La interpretación que San Ireneo (+ 202) dio del tetramorfos y que la Iglesia hizo suya después de él, se sitúa en la prolongación de esta línea. En la misteriosa aparición surgida del cielo entreabierto, en medio de los cuatro Vivientes, Ireneo, refiriéndose a los símbolos tradicionales del universo en la Antigüedad, reconoció la manifestación universal de Dios a los hombres atentos, siendo ésta la figura del anuncio de Cristo al mundo por los cuatro evangelios. «No es admisible, dice, que haya más de cuatro evangelios, ni tampoco menos. Son cuatro las regiones del mundo en que vivimos y cuatro los vientos de los puntos cardinales… Por lo cual es evidente que el Hacedor de todas las cosas, el Verbo, que está sentado sobre los querubines (los Vivientes de la visión) y sostiene el universo, cuando se nos manifestó a los hombres, nos dio su Evangelio bajo cuatro formas, pero sostenido por un solo espíritu… Los querubines tienen, en efecto, cuatro figuras (león, toro, águila, hombre) y sus semblantes son imágenes de la actividad del Hijo dé Dios». Ireneo expone luego el parentesco de los evangelistas con los Vivientes; claro está que es puramente arbitraria y sólo tiene verdadero interés en iconografía; tras una ligera modificación este parentesco se perpetuó a través de los tiempos hasta nuestros días. El águila se le atribuyó a Juan, el toro a Lucas, el león a Marcos y el ángel-hombre a Mateo.
Un hermoso texto de Hipólito de Roma, martirizado en 235, hace la síntesis de lo anterior con la simbólica de los ríos del paraíso. «Edén es el nombre del nuevo jardín de delicias… Corre en ese jardín un río de agua inagotable. Cuatro ríos salen de él y riegan toda la tierra. Esto mismo ocurre con la Iglesia. Cristo, que es el río, es anunciado en el mundo por los cuatro evangelios» (Comentario sobre Daniel, I, 17).

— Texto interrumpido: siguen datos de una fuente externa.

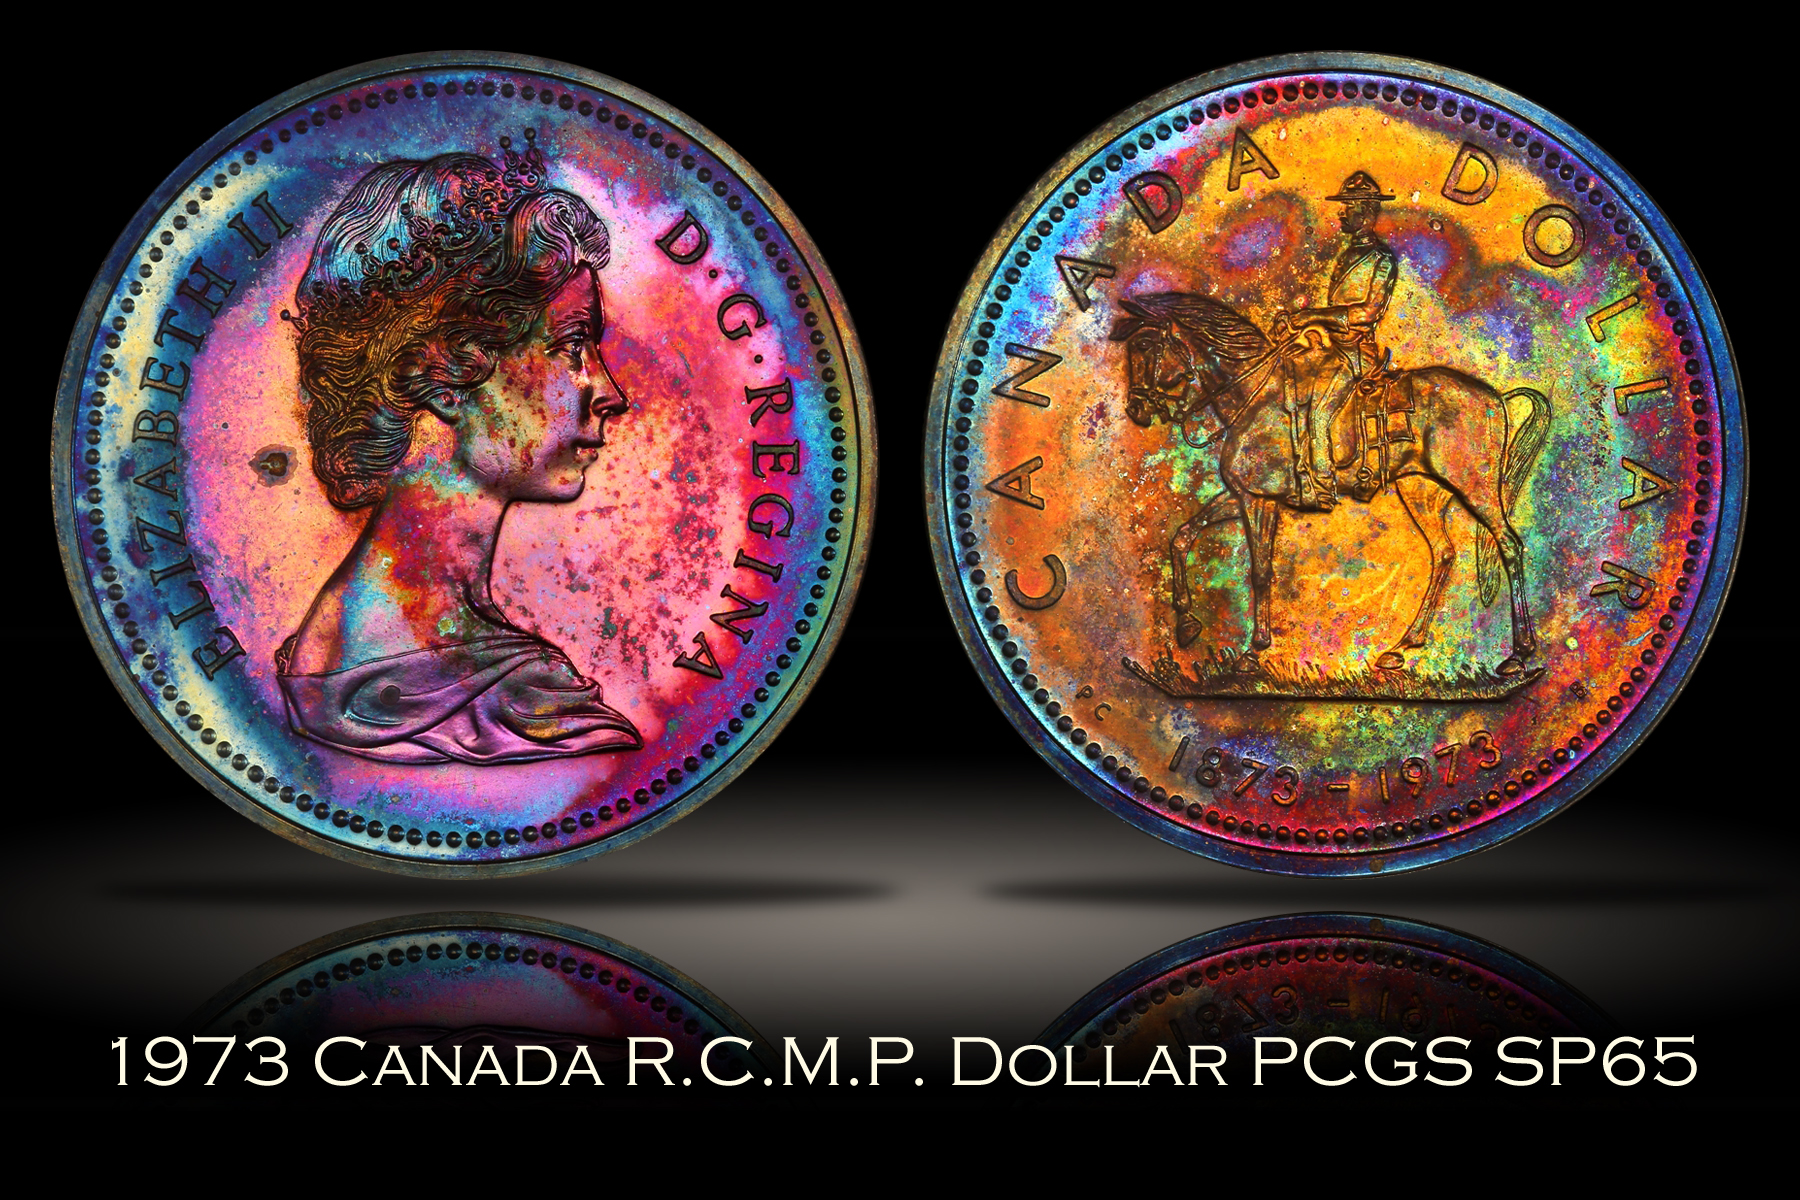 1973 Canada R.C.M.P. Silver Dollar PCGS SP65

La imagen del mundo heredada de la Antigüedad se ha convertido en imagen cristiana del cosmos evangelizado. Este mundo emana de Cristo, «artífice del universo» y centro de la nueva creación, que se sienta en un trono rodeado de los cuatro Vivientes orientados hacia los cuatro puntos cardinales, simbolizando la difusión del mensaje de los cuatro evangelistas a los cuatro extremos del mundo.